Task prompt>
If pictures are present, leave them out, and copy the data word for word.

Dataset excerpt>

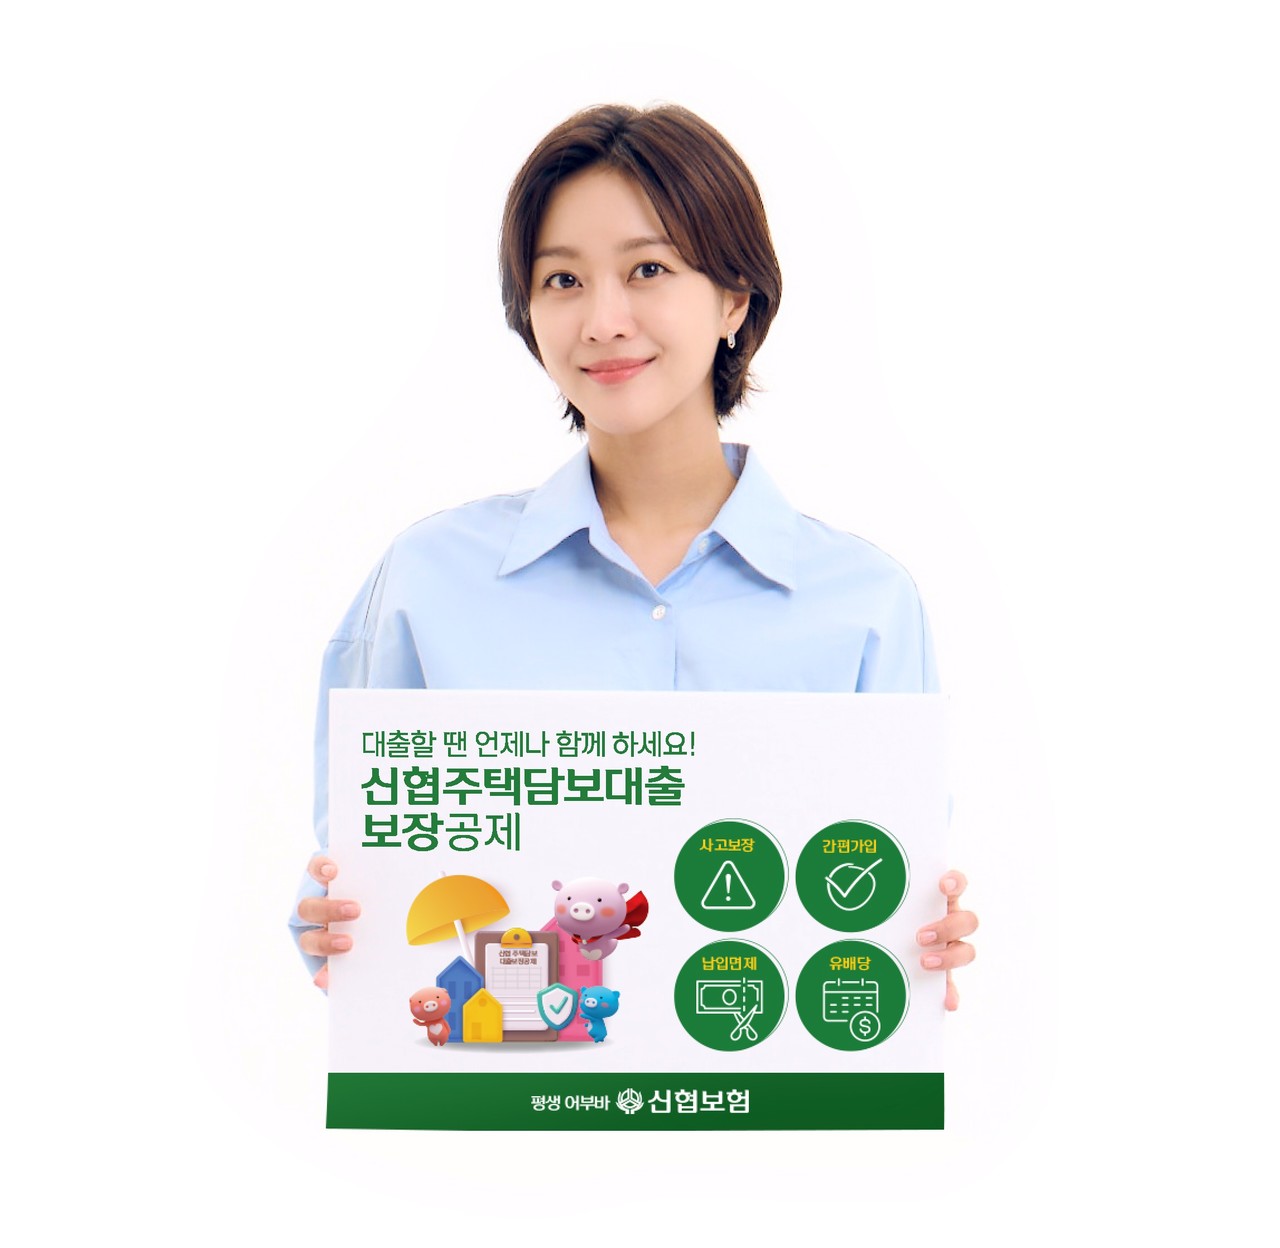 신협중앙회 모델인 배우 조보아가 신상품 ‘신협 주택담보대출보장공제’ 출시를 알리고 있다.
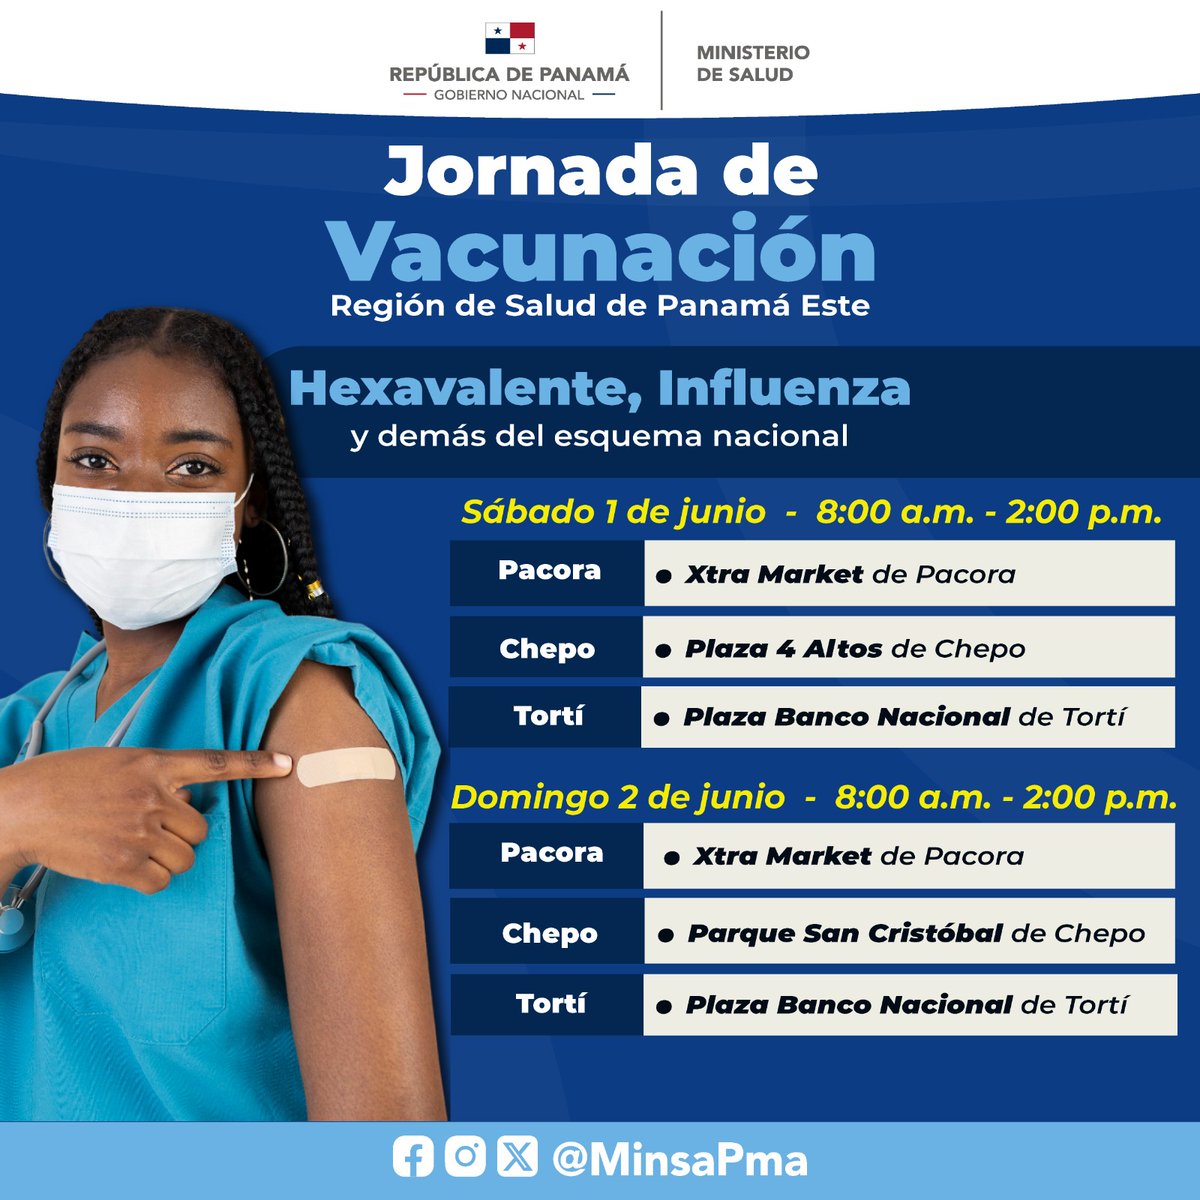 Te invitamos a participar de la Jornada de Vacunación en la Región de Salud de Panamá Este, este 1 y 2 de junio, de las 8:00 a.m. a 2:00 p.m., en donde ofreceremos la vacunas Hexevalente, Influenza y demás dosis del esquema nacional, totalmente gratis.
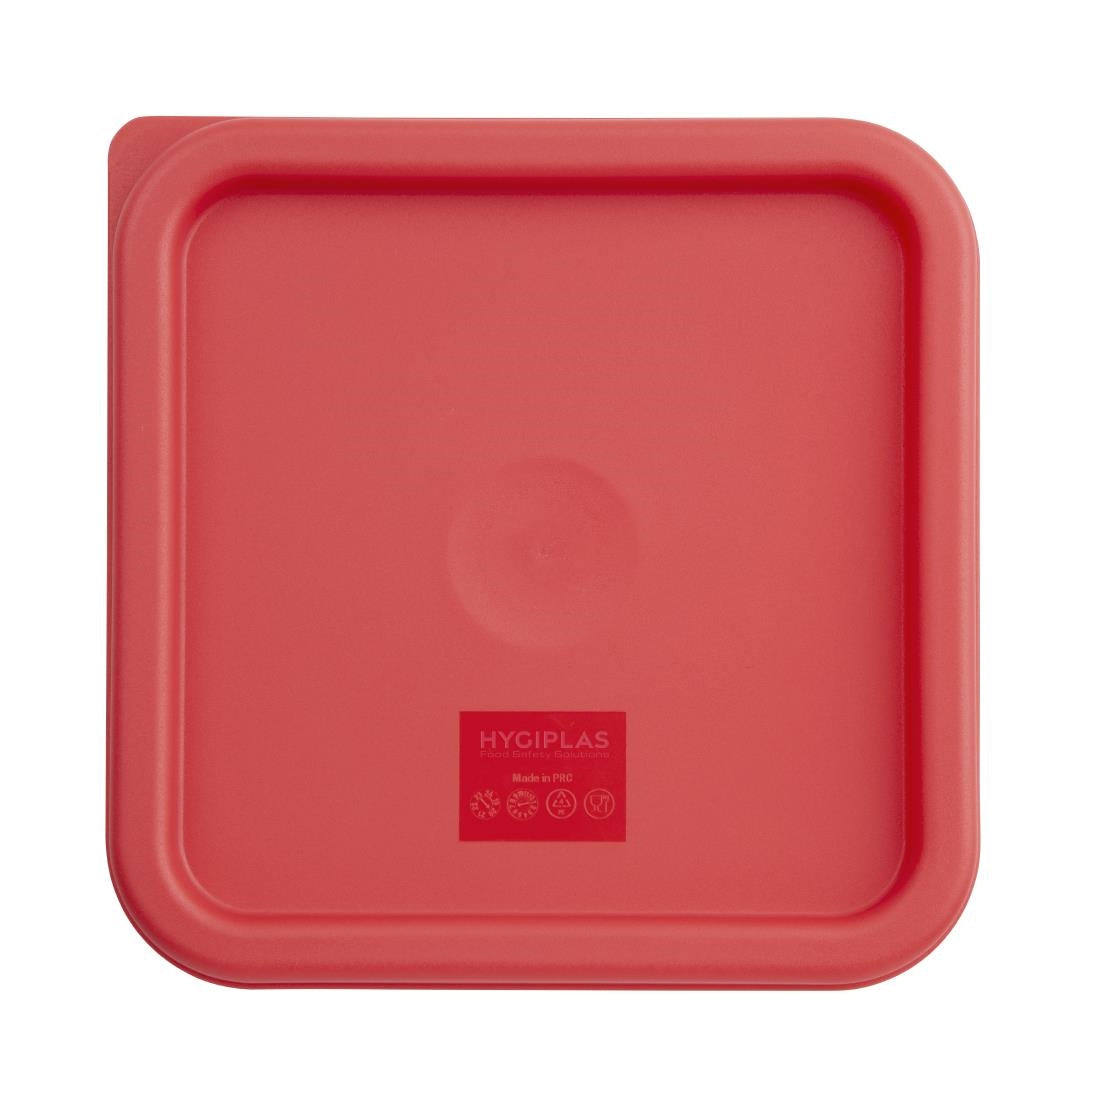 CF041 Vogue Square Food Storage Container Lid Red Medium

Task output>
 신협중앙회 모델인 배우 조보아가 신상품 ‘신협 주택담보대출보장공제’ 출시를 알리고 있다.
 Te invitamos a participar de la Jornada de Vacunación en la Región de Salud de Panamá Este, este 1 y 2 de junio, de las 8:00 a.m. a 2:00 p.m., en donde ofreceremos la vacunas Hexevalente, Influenza y demás dosis del esquema nacional, totalmente gratis.
 CF041 Vogue Square Food Storage Container Lid Red Medium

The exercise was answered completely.